1. Jun 23, 2004

### needhelp

A person exerts a tangential force of 36.1 N on the rim of a disk-shaped merry-go-round of radius 2.74 m and mass 167 kg. If the merry-go-round starts at rest, what is its angular speed after the person has rotated it through an angle of 60.0°?

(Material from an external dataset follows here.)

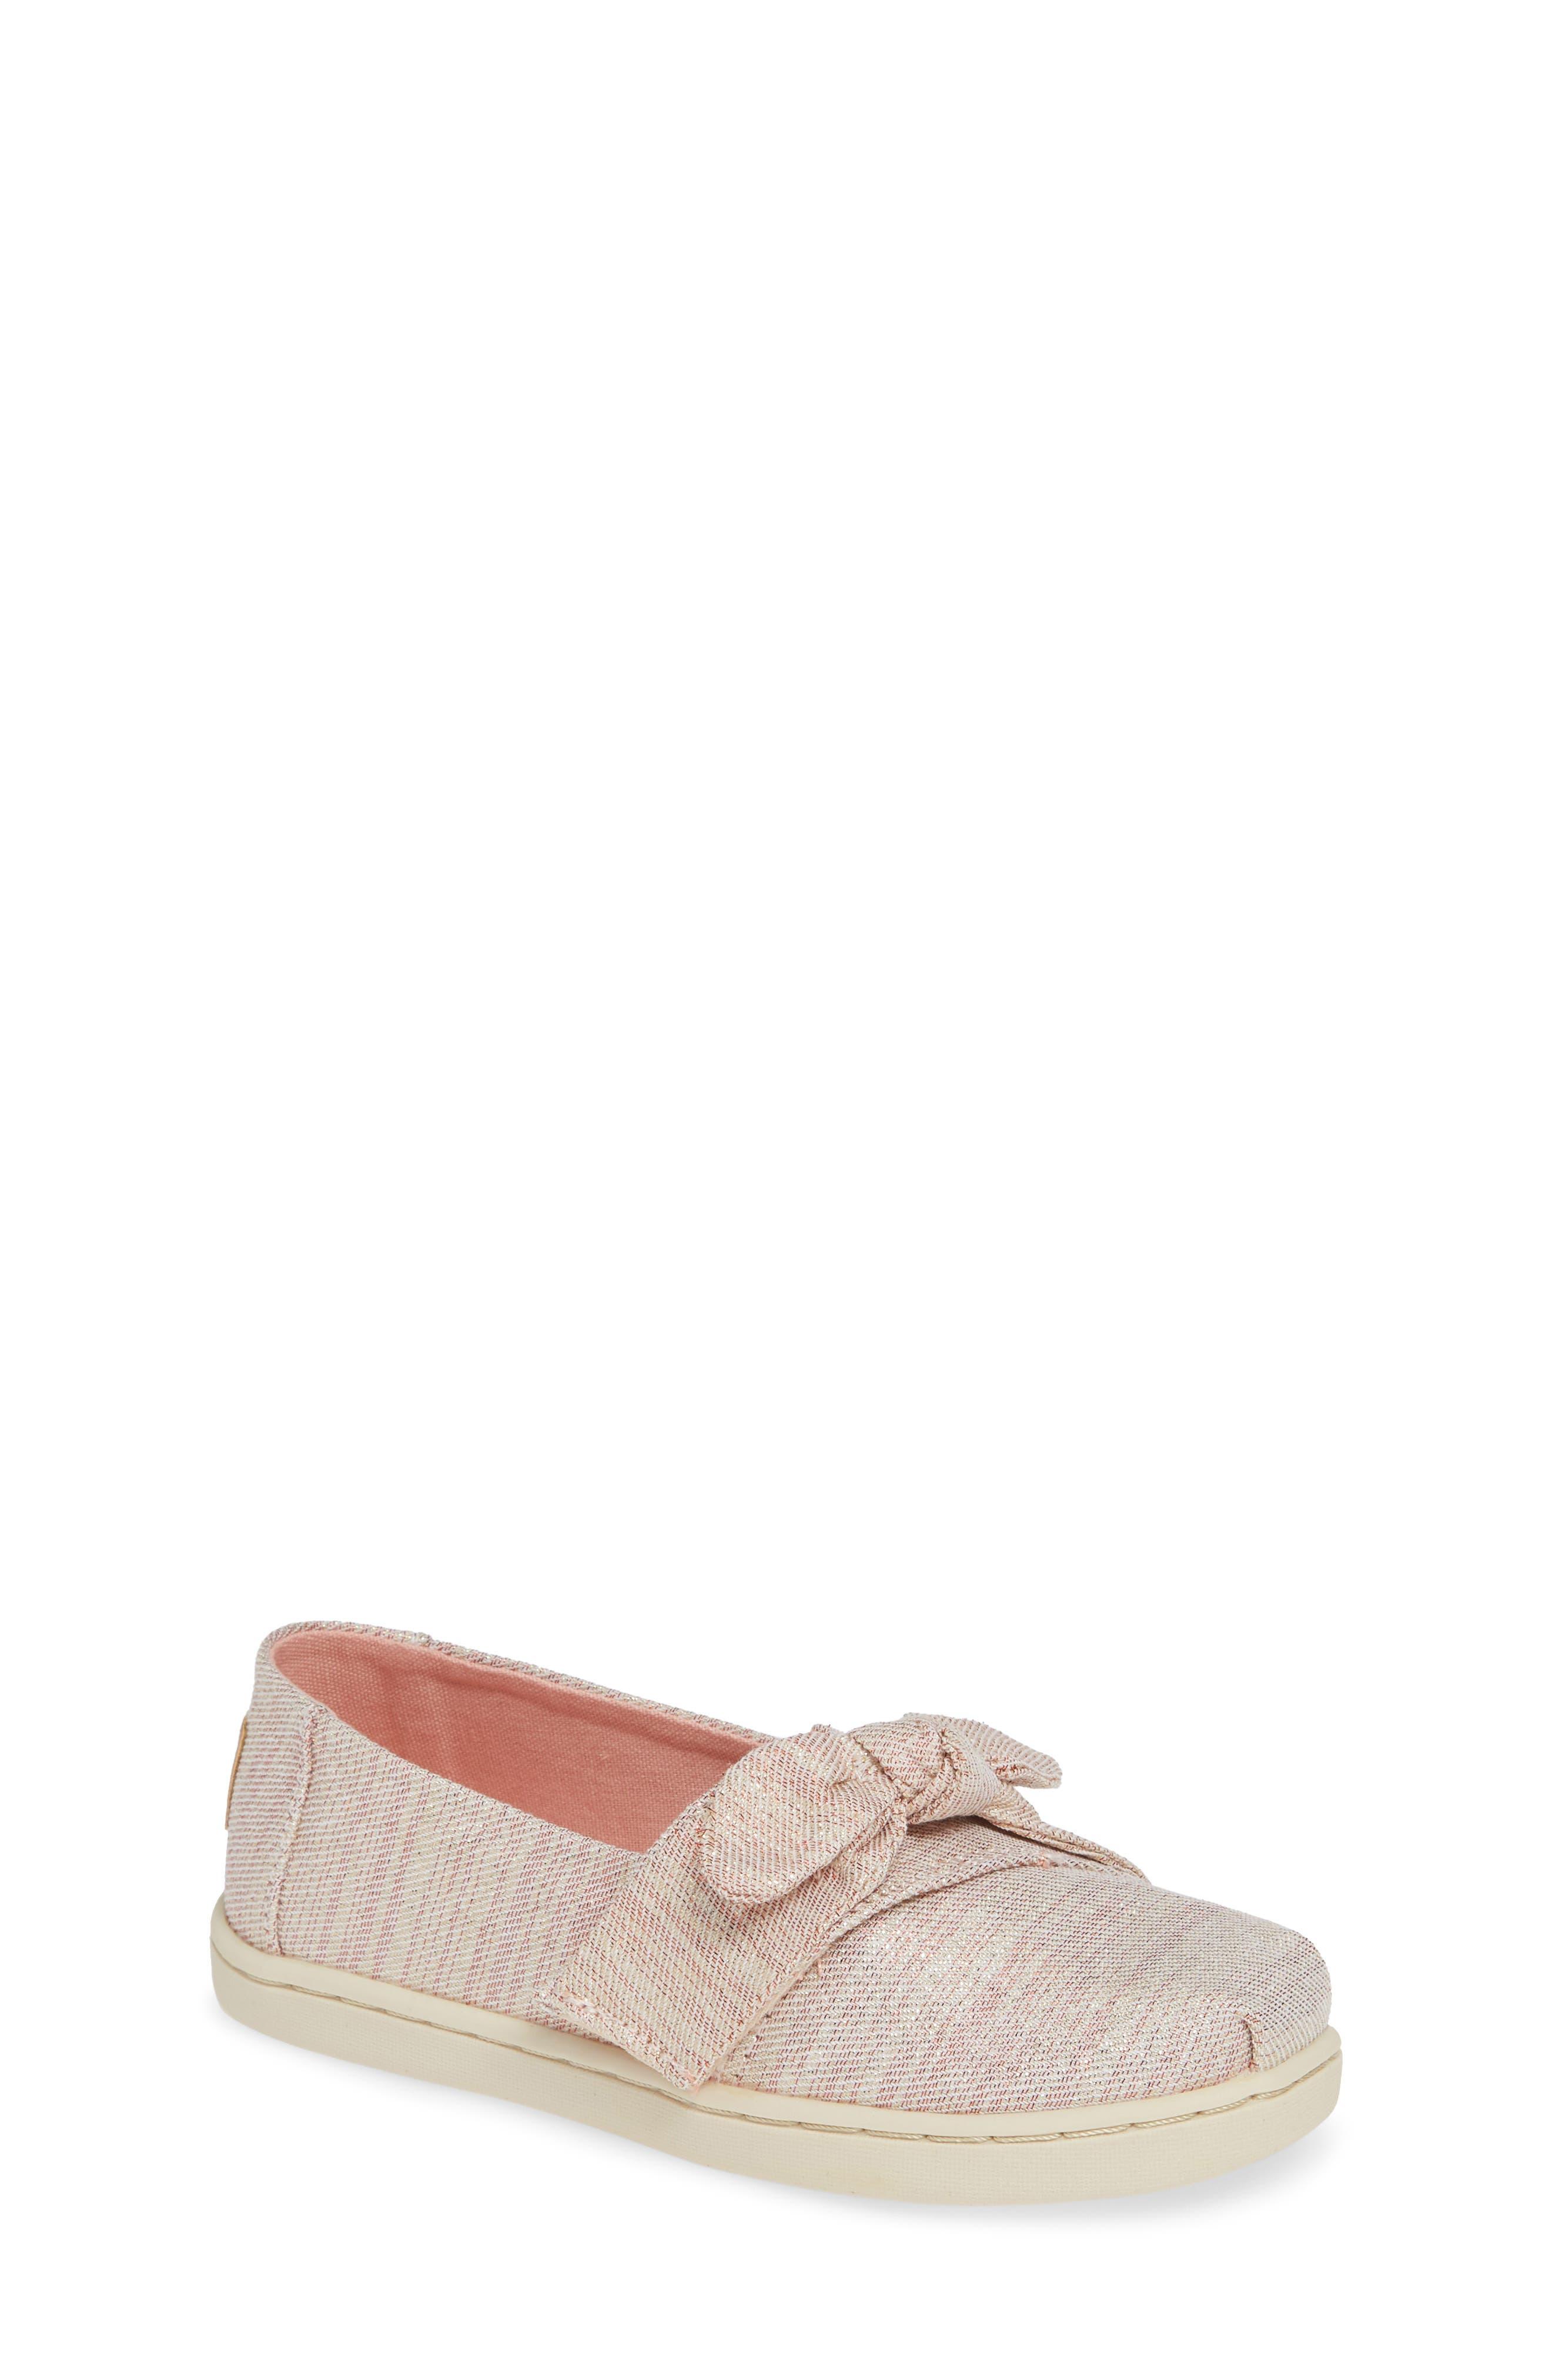 Toddler Girls Toms Tiny Bow Alpargata SlipOn Size 9 M  Pink

=> L=Iw => w = L/I where I=1/2mr^2
I just don't know where to plug in the tangential force and the angle.

2. Jun 24, 2004

### e(ho0n3

Let F be the tangential force, R the radius of the merry-go-round and M its mass. The torque is $\tau = FR = I\alpha$. You know F, R and I so you can solve for $\alpha$ and then use that to find the angular velocity. Pretty straight forward. Remember, physics is not about plugging numbers and spitting answers.

3. Jun 24, 2004

### needhelp

I calculated
a)alpha = T/I = 98.9/627 = 0.158 rad/s
b)theta = 1/2 (alpha) t^2 => t = sqrt(2 * 1.05 / 0.158) = 3.65s
c)w = (alpha) t = 0.158 rad/s^2 * 3.65 s = 0.577 rad/s

Please let me know if my figures are correct. Again, thank you.

4. Jun 24, 2004

### e(ho0n3

Instead of finding t, you could just use $\omega^2 = \omega_0^2 + 2\alpha\theta$. You can check your answer doing it this way.